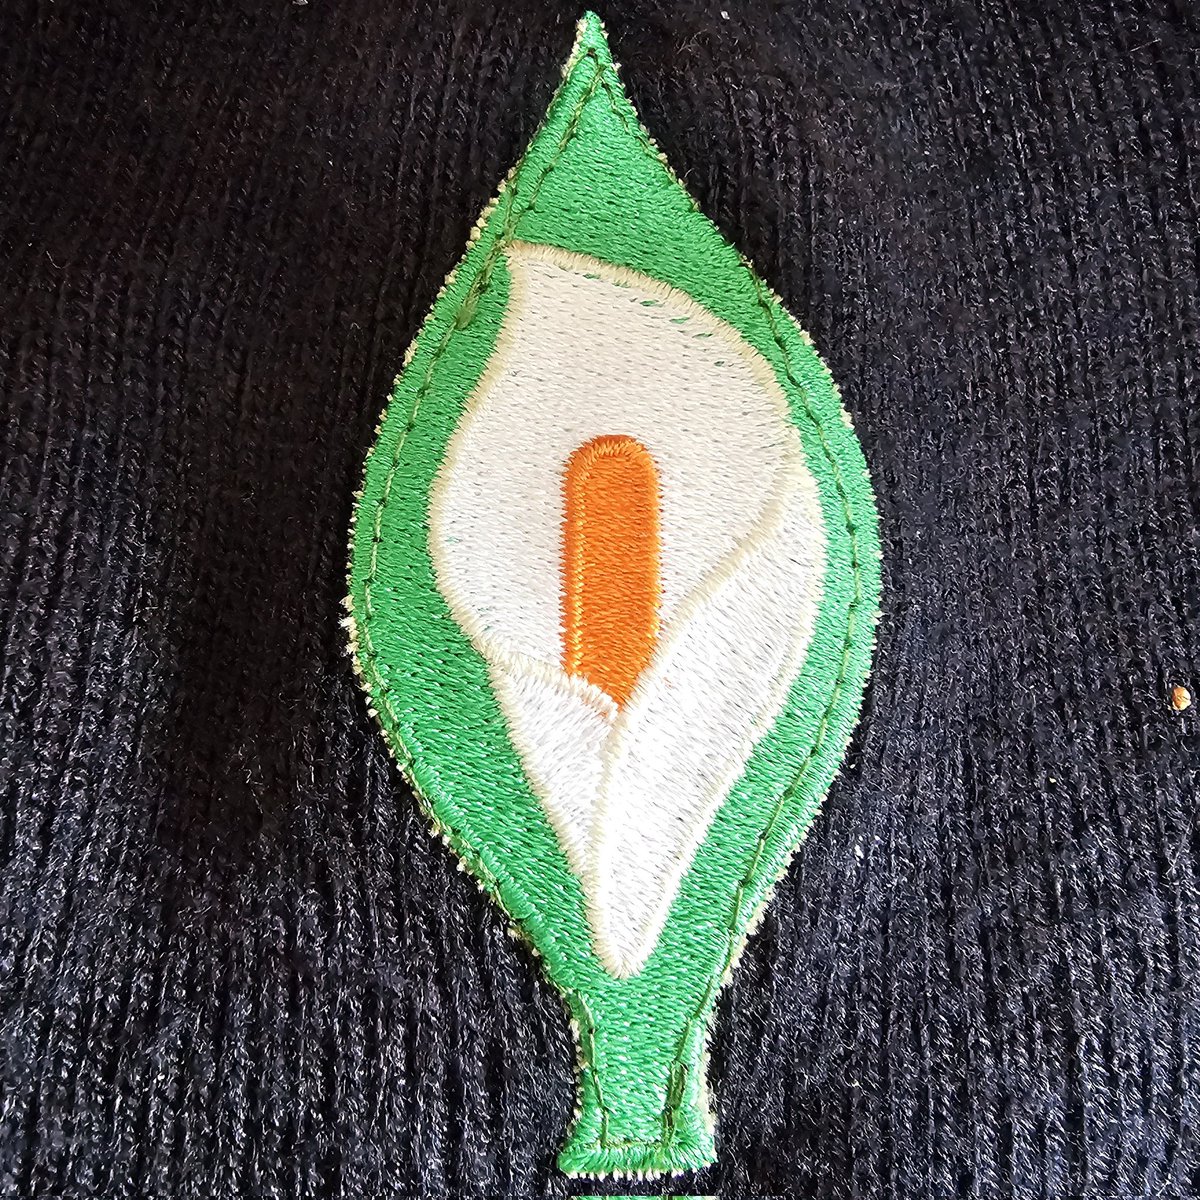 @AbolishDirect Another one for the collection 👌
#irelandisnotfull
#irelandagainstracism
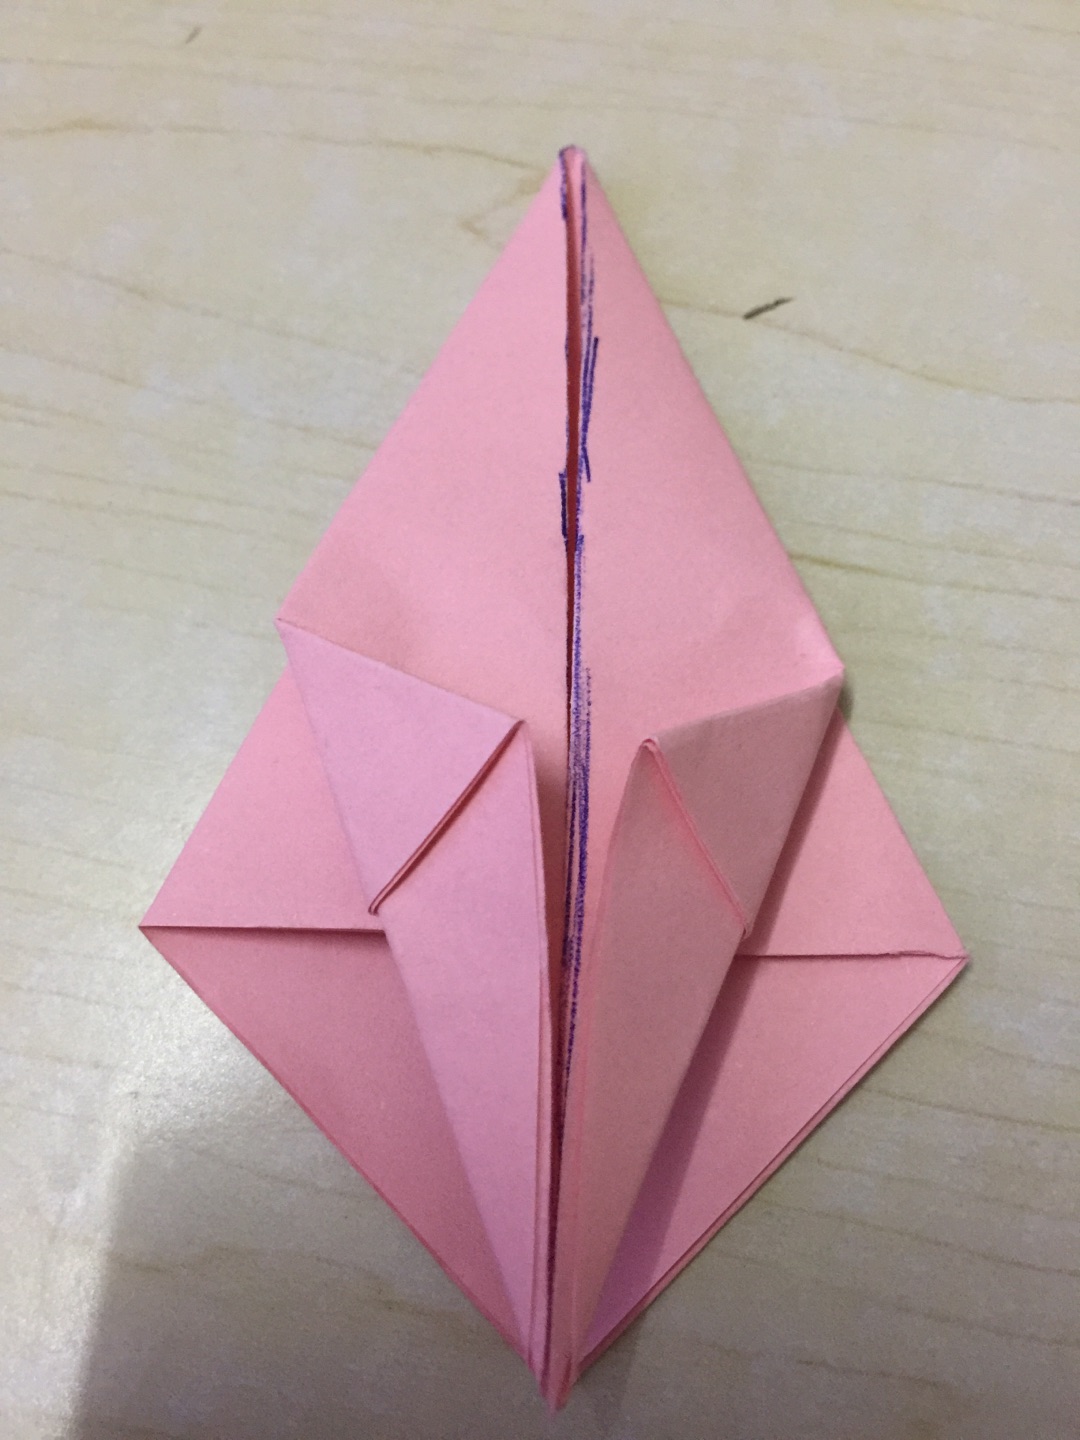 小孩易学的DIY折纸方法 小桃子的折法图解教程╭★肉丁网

...

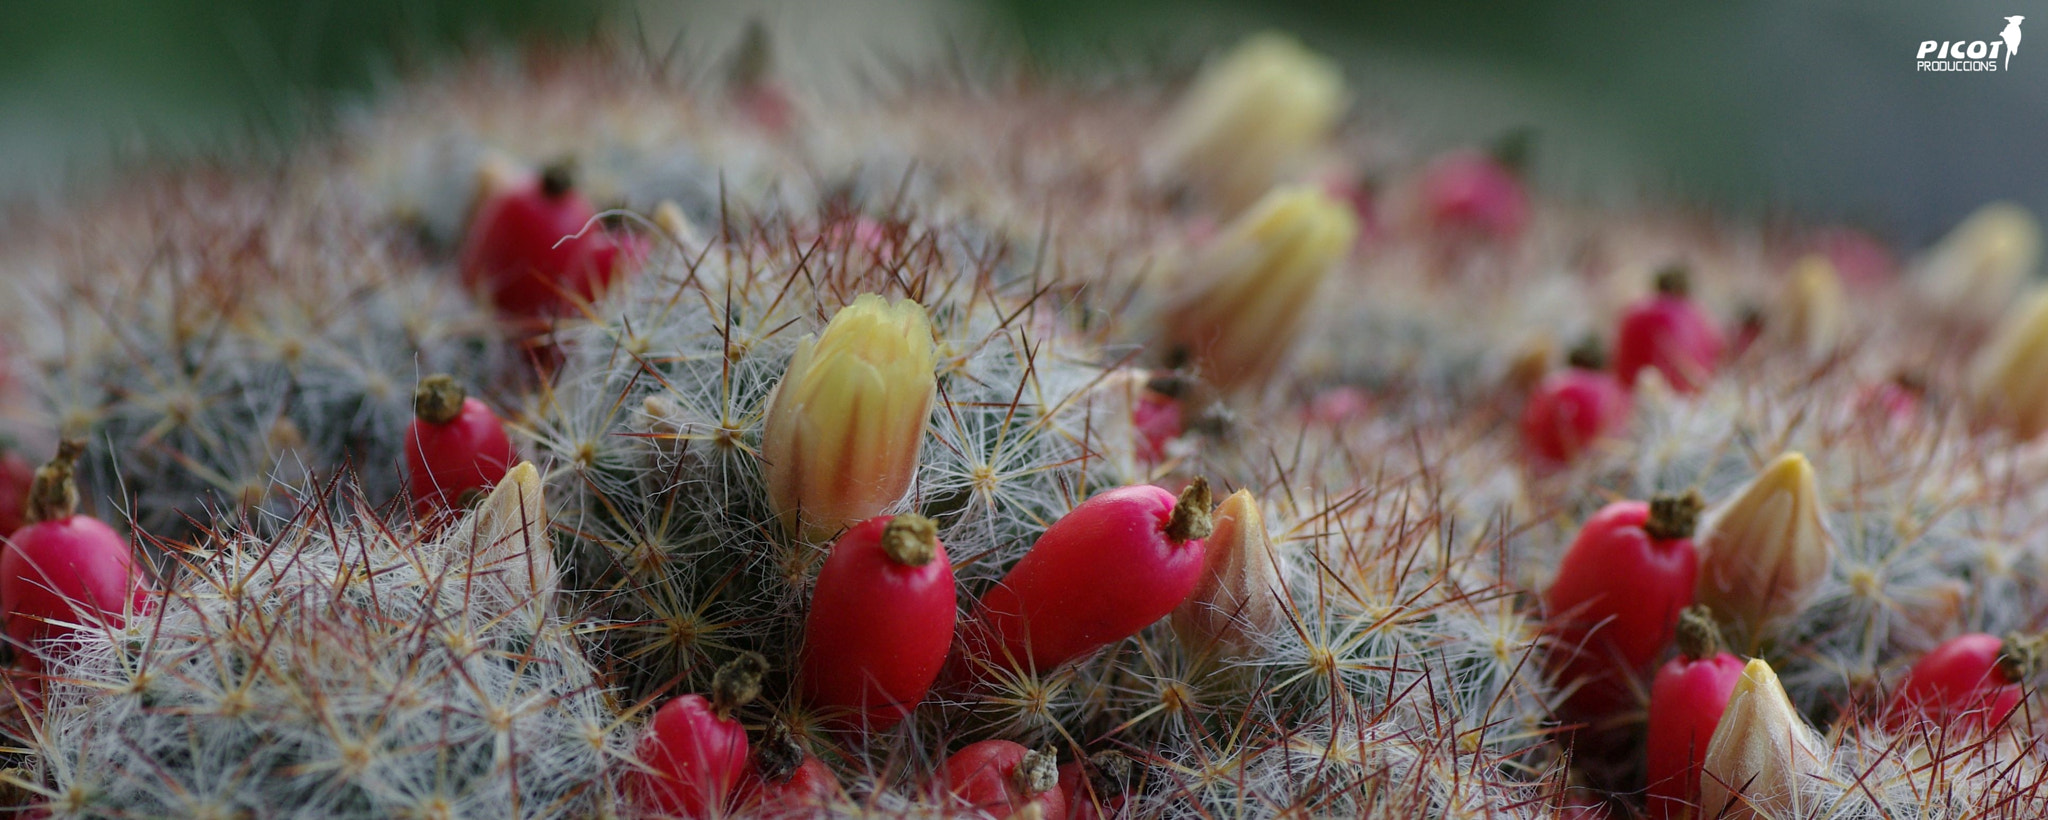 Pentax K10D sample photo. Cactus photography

--

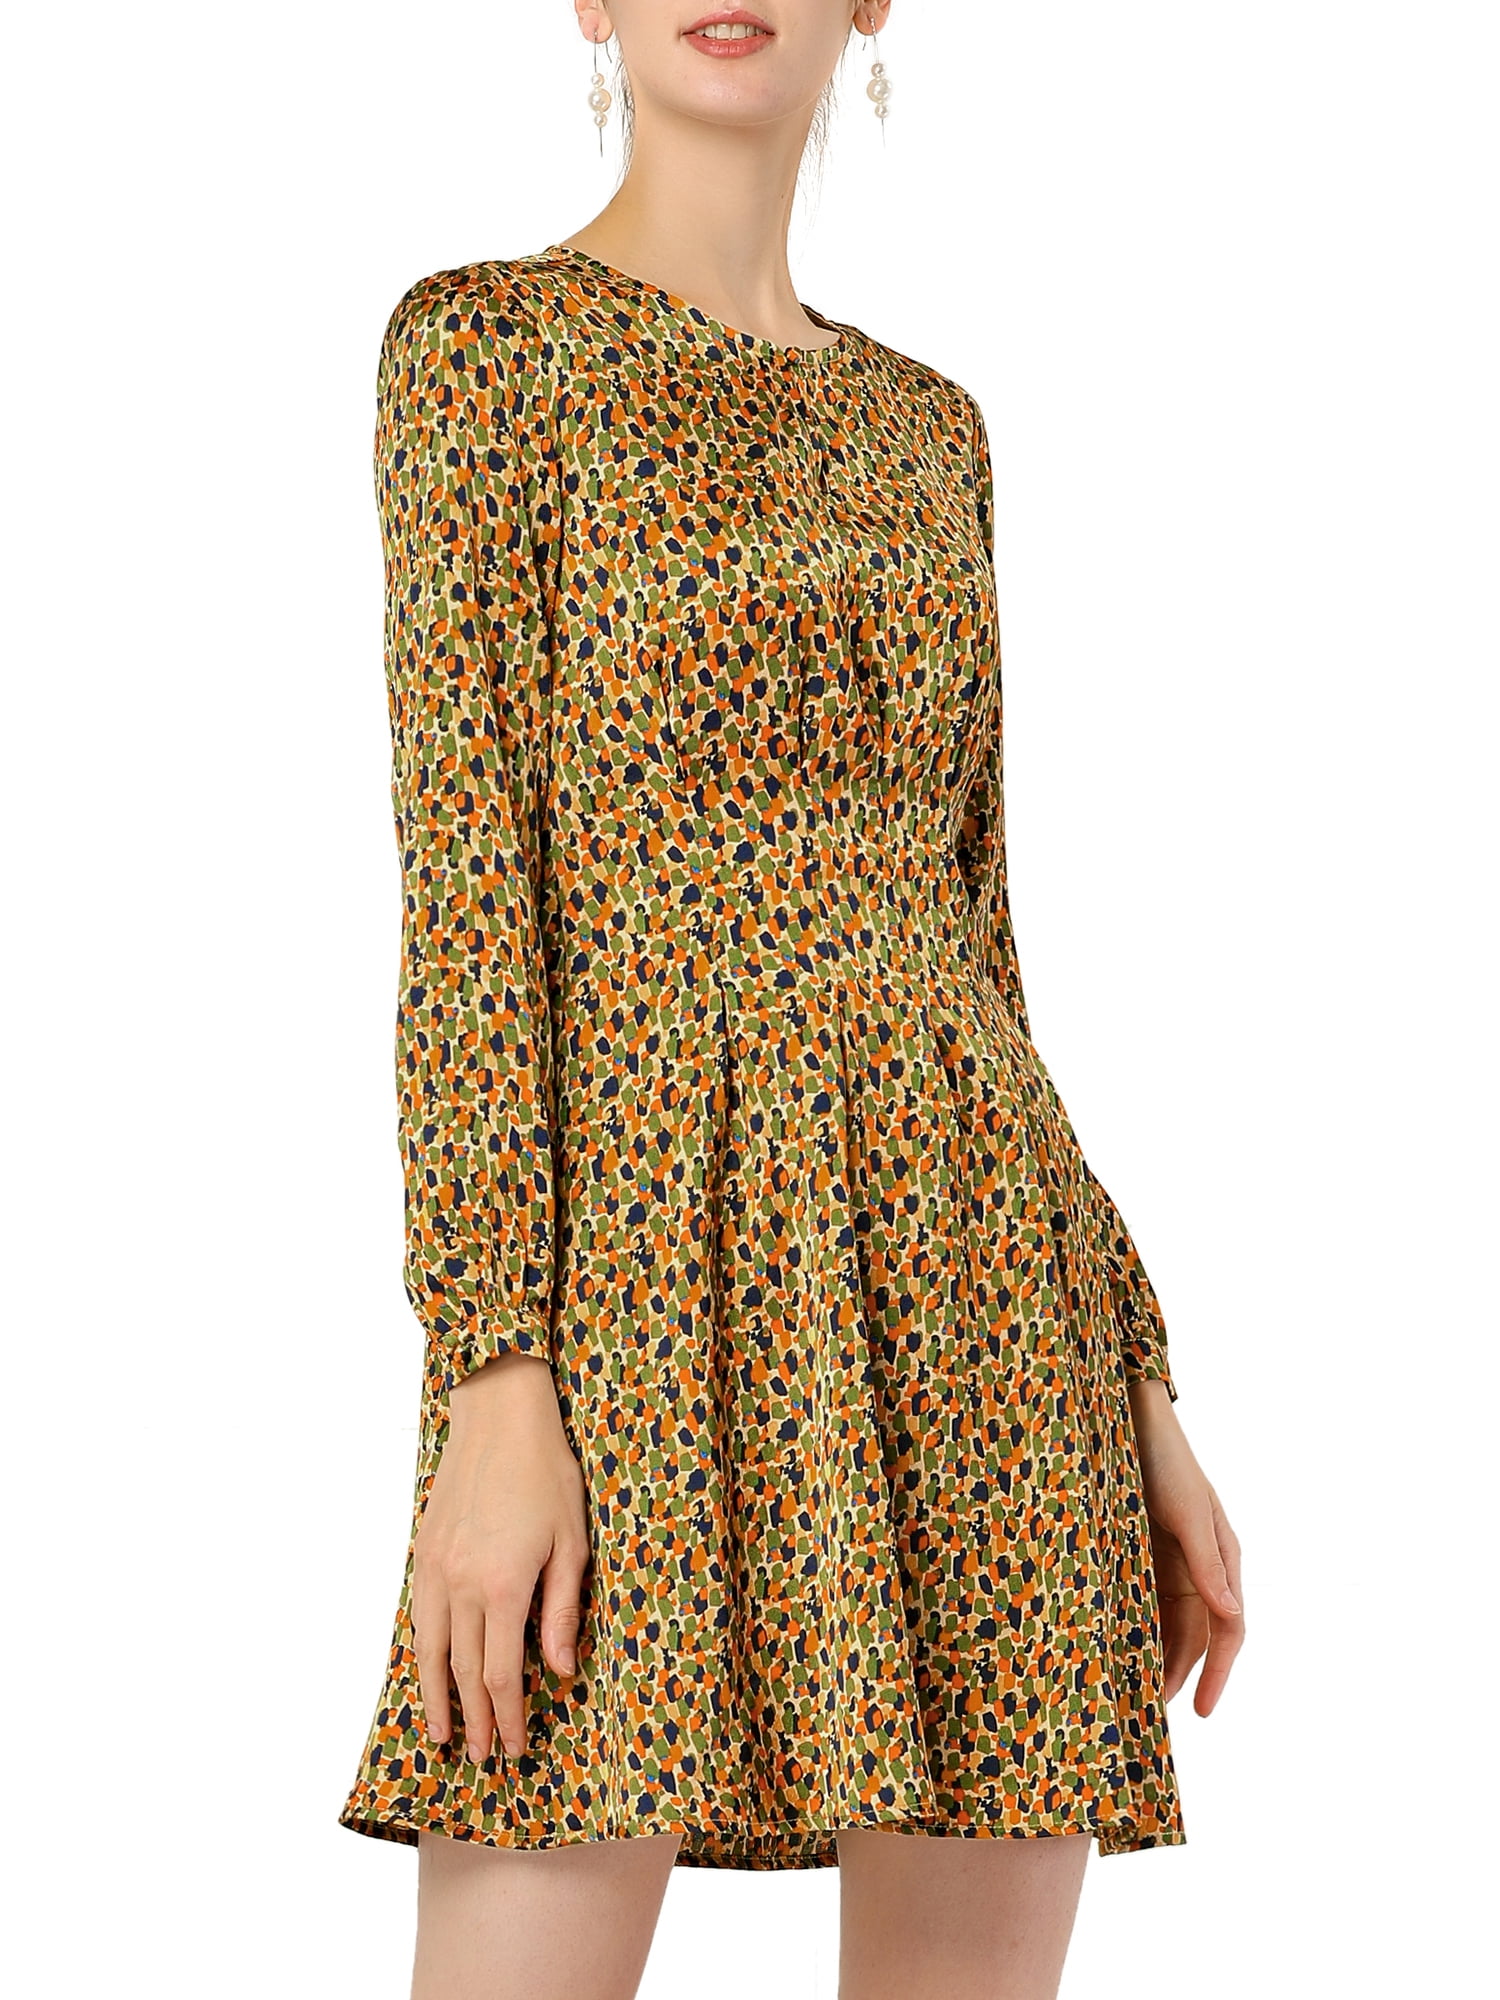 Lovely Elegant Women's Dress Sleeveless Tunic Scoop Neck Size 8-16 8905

Problem:
Your output should be the lines above from the one that contains "the collection 👌" through the one that contains "小孩易学的DIY折纸方法 小桃子的折法图解教程╭★肉丁网", word for word, with pictures left out.

Completed exercise:
 @AbolishDirect Another one for the collection 👌
#irelandisnotfull
#irelandagainstracism
 小孩易学的DIY折纸方法 小桃子的折法图解教程╭★肉丁网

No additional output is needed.